Но в любом случае страшный феномен — смерть — впервые вошла в мое мальчишеское сознание. Особенно потому, что я был убежден — мое рабство так и будет продолжаться. До начала учебного года, и, может, еще и будущим летом.
Но все пошло значительно проще, пошло по той дорожке, которую я и сам мог бы предвидеть: мальчишка, от которого дела не дождешься, надоел. Однажды в субботу, примерно неделю спустя, мотоцикл, исторгавший жуткие клубы дыма, привез к нам во двор милиционера. Разрумянившаяся Лиза села к нему за спину, обхватила руками усатого человека с необычно красным лицом и, между прочим, помахала мне! И, вообразите только, — ласково. Улыбнулась, и они умчались. Что-то подсказало мне, что я свободен. Что мне не надо убивать ни себя, ни Лизу.
Но
Я И СМЕРТЬ
Смертного, который умер, смерть больше не тревожит. А умирающего еще не тревожит, потому что он пока не уверен, настал ли все-таки тот, последний часик.
Во всяком случае, о той важной акции, которую всем нам предстоит предпринять, мы знаем слишком мало. Внешние проявления, о них — да. (Из ТИБЕТСКОЙ КНИГИ МЕРТВЫХ можно тоже узнать кое-что интересное. Например, то, что добрый друг покойника должен выкрикивать ему в ухо указания в первые две недели после смерти, не обращая внимания на смердящий запах трупа. Надо, в частности, давать указания, чтобы удачно прошло перерождение и покойник вселился в подходящую плоть.)

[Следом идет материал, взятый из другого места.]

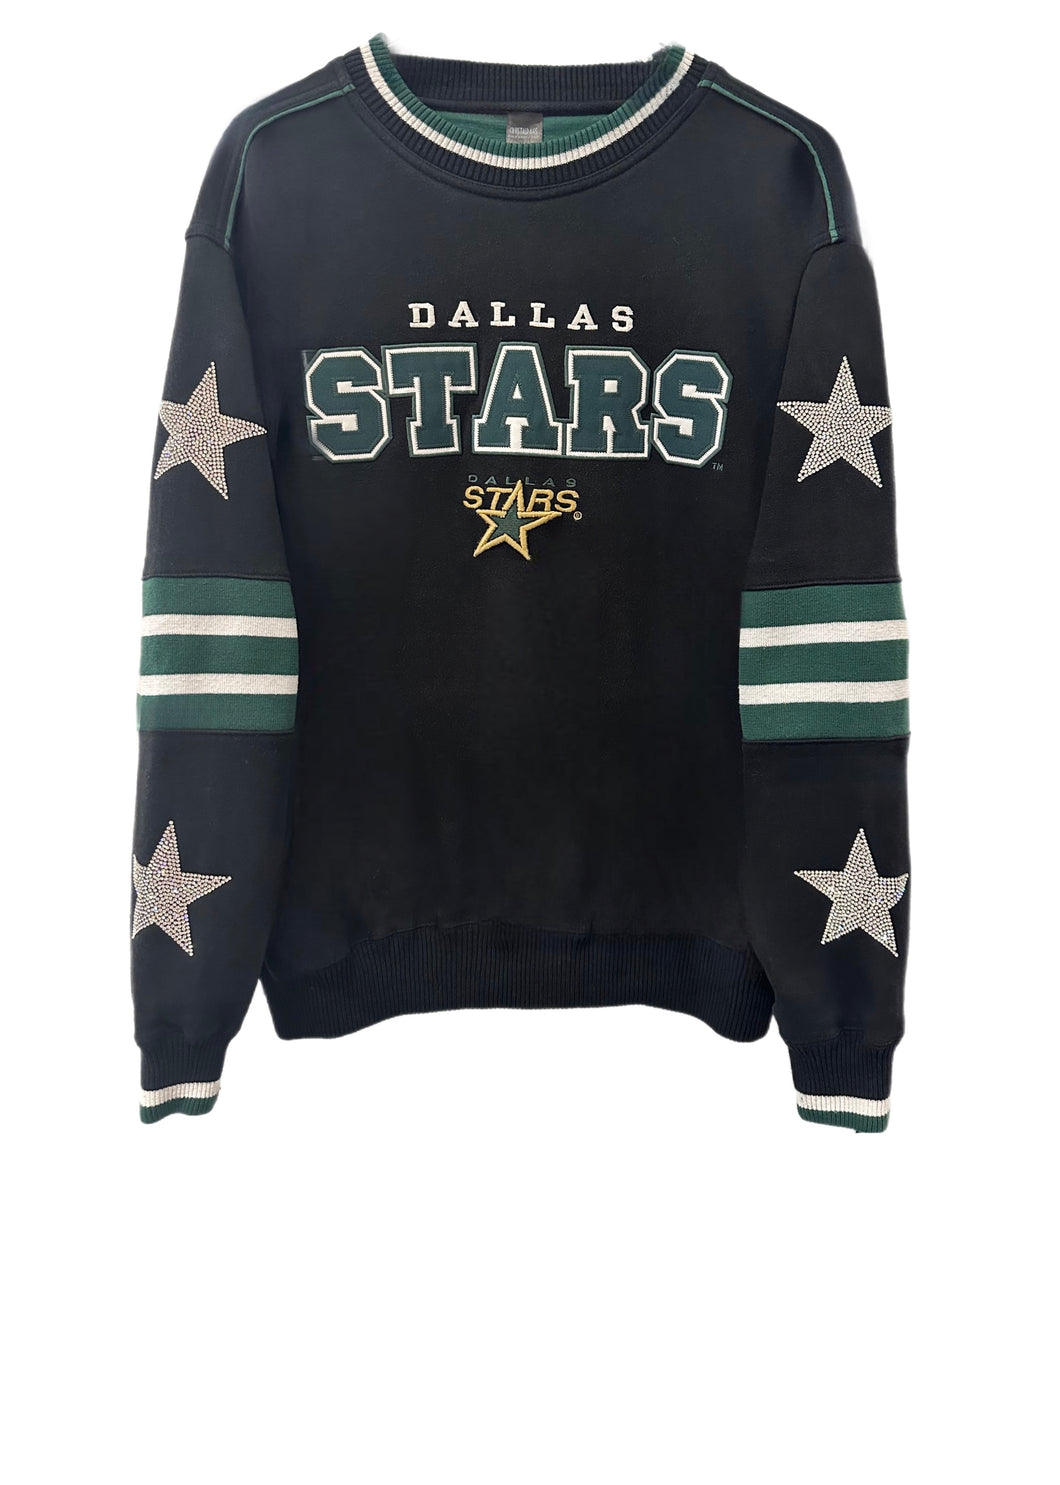 Dallas Stars, NHL One of a KIND Vintage Sweatshirt with Crystal Stars Design, Custom Name + Number

Я думаю, что всякий мыслящий и думающий о других умирающий должен был бы попробовать дать всем нам знать о своем умирании и сопутствующих ему переживаниях. Смерть следовало бы попробовать законспектировать или, это к тому же и проще, попытаться наговорить свои последние переживания на диктофон. Хотя бы нашептать. Они могли бы стать хорошим учебным материалом для тех, кому еще предстоит пойти тем же путем. Однако большинство людей, умирая, думает, к великому сожалению, только о своих собственных делах. Приятным исключением был русский ученый Павлов — лауреат Нобелевской премии. (Специально для его нужд большевик Ленин, говорят, даже отдал приказ сохранить одну молельню. Все остальные-то атеисты разломали.) Этот Павлов, говорят, пригласил учеников к своему смертному одру и диктовал им, пока хватало сил, что он в настоящий момент чувствует. Но надиктовал немного интересного — настоящее умирание происходит все-таки тогда, когда мы уже не писцы. Хотя впечатления Павлова могли бы быть интересны — великий биолог и ученый был же очень верующим и, видно, хотел передать нам нечто важное, но о райских вратах (я, конечно, говорю условно), к несчастью, ничего не успел рассказать. Хотя явно хотел.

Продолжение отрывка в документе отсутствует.